=== How to complete this task ===
Transcribe only what runs from the line containing "[Infographie] L'Agriculture Bio" through the end of the listing, line for line and exactly, and omit the pictures.

=== Collected material ===
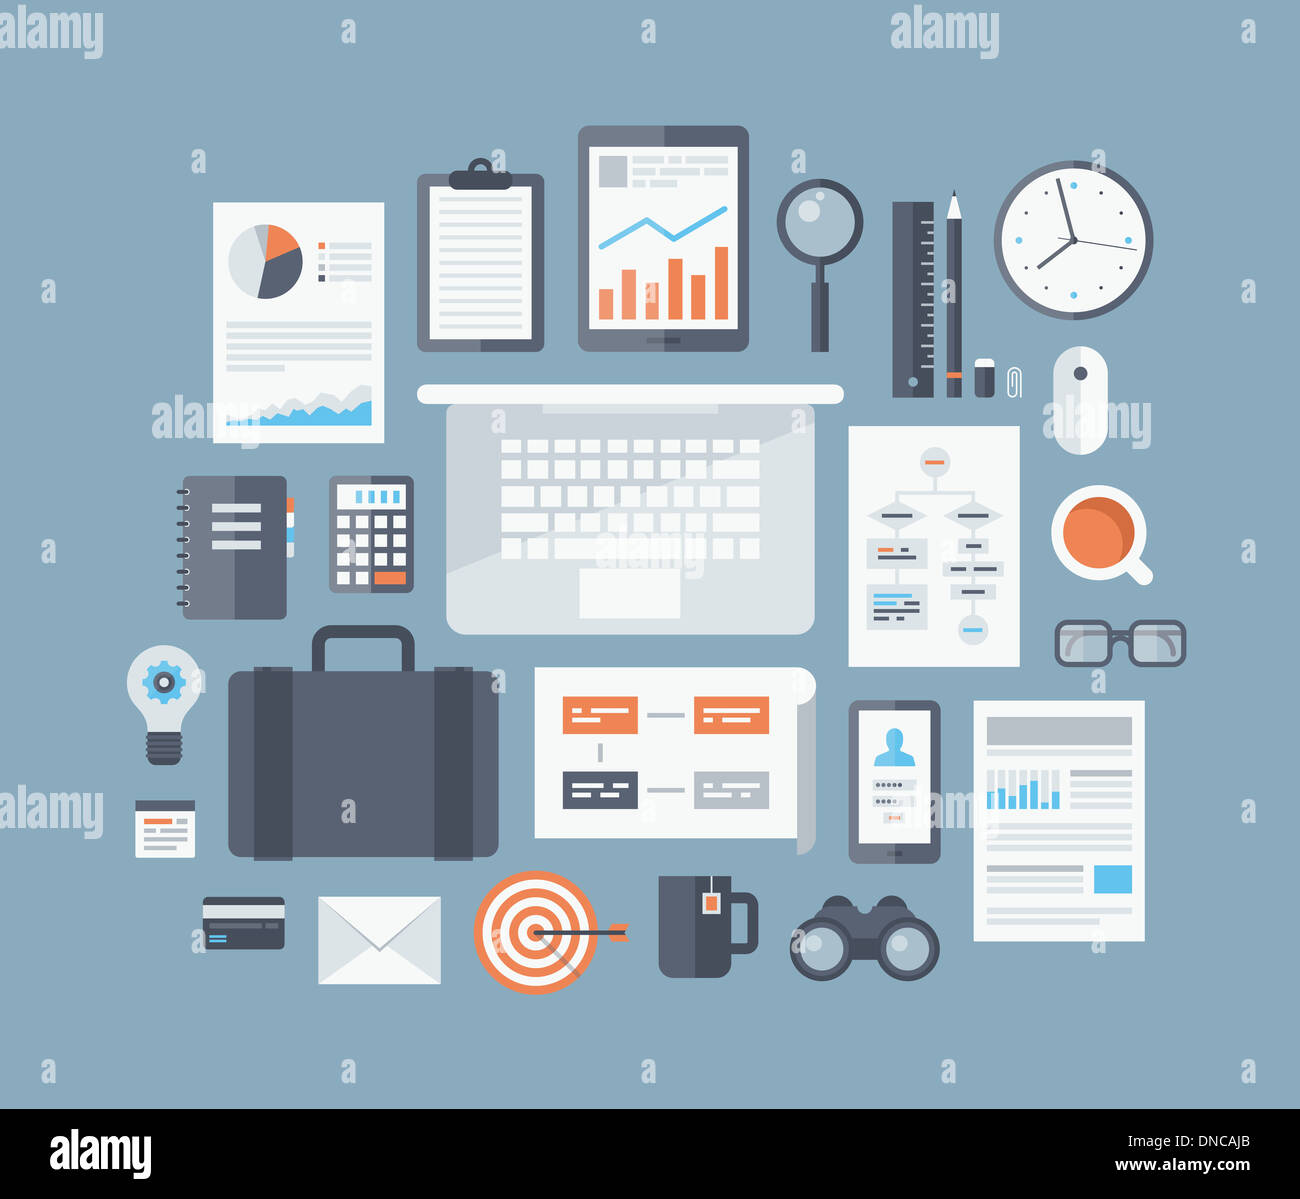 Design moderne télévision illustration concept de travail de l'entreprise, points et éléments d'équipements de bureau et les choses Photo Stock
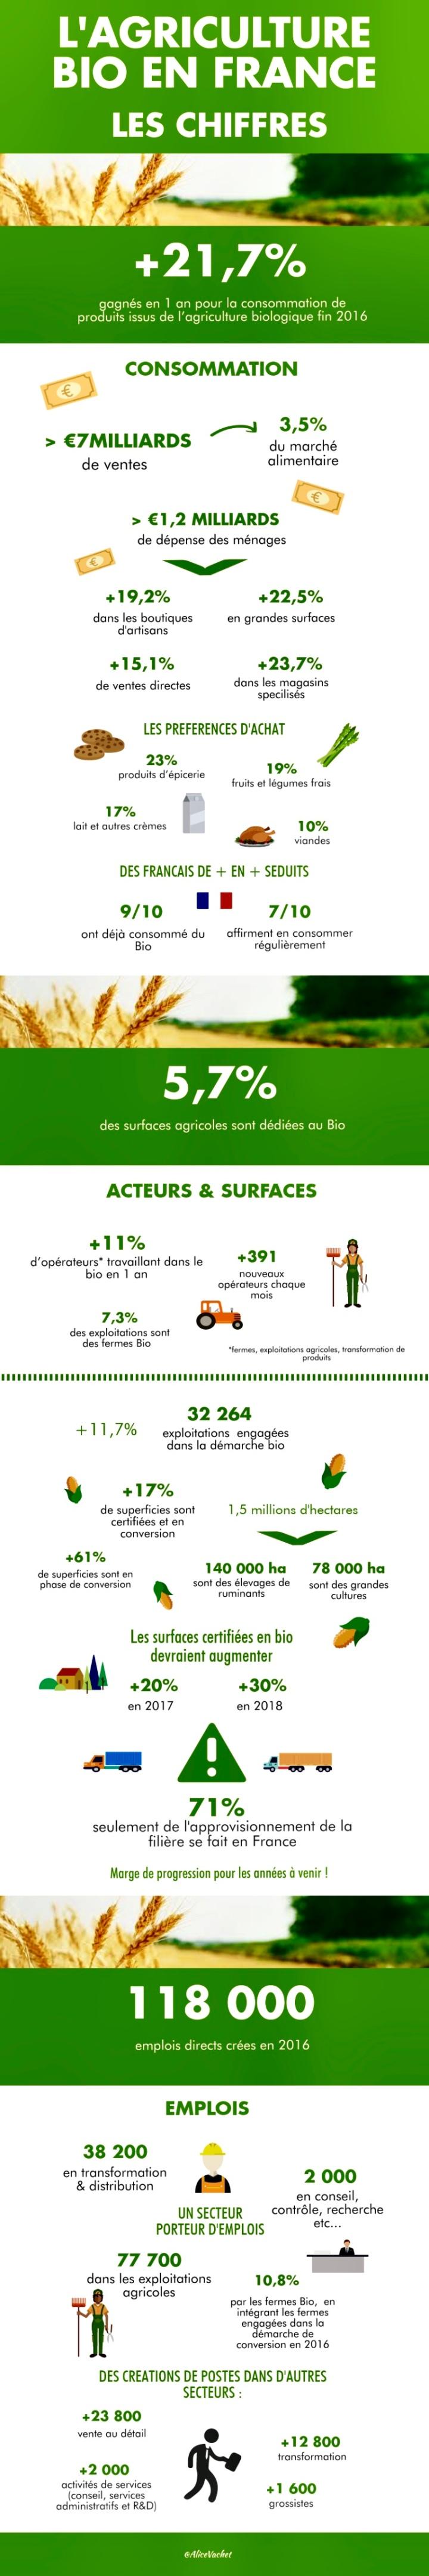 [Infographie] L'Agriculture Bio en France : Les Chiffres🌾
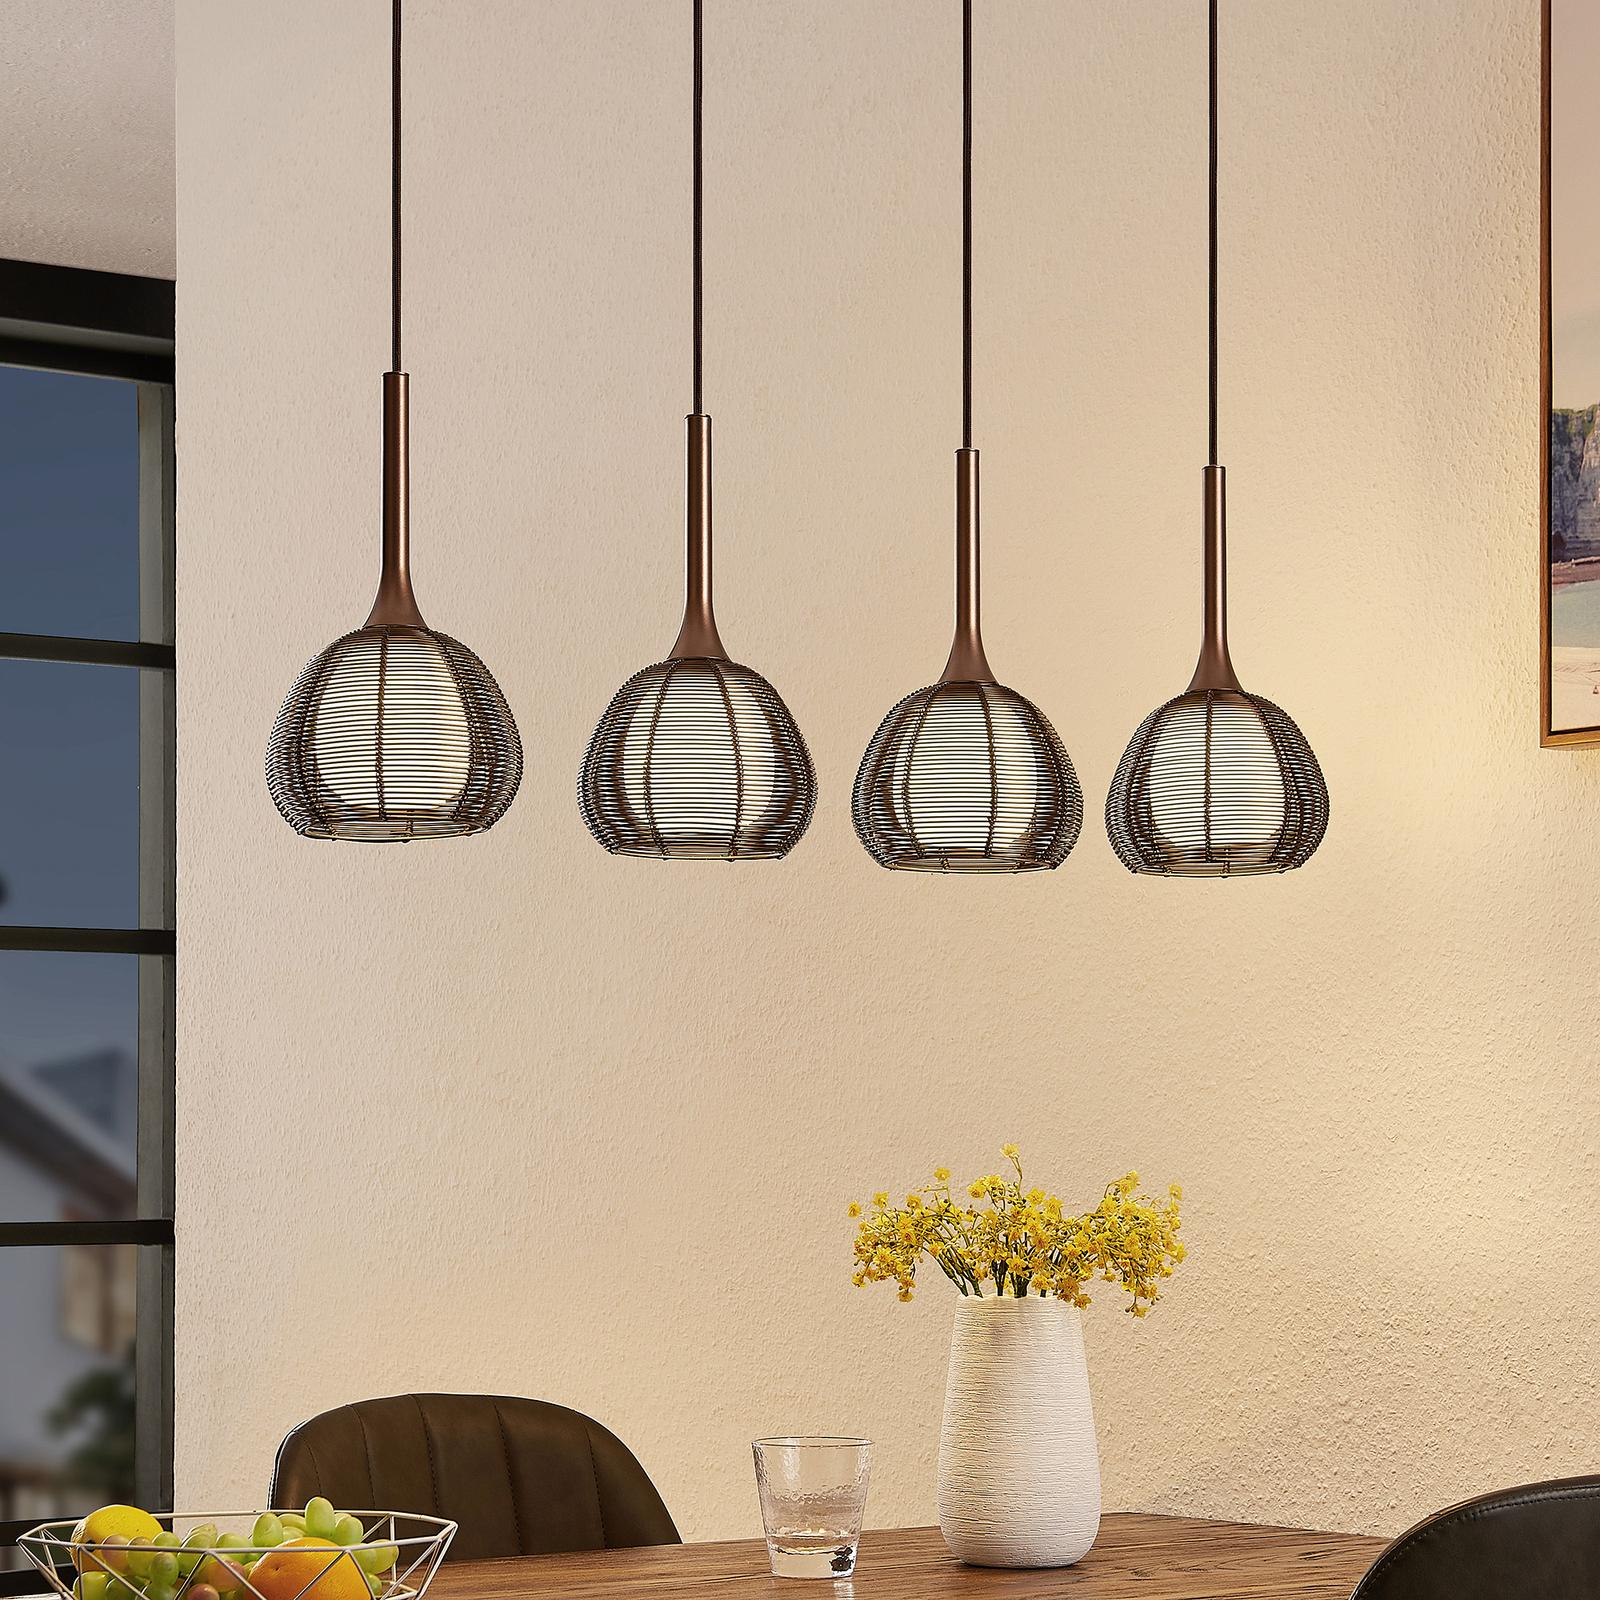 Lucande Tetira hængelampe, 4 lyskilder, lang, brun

=== Result below ===
 [Infographie] L'Agriculture Bio en France : Les Chiffres🌾
 Lucande Tetira hængelampe, 4 lyskilder, lang, brun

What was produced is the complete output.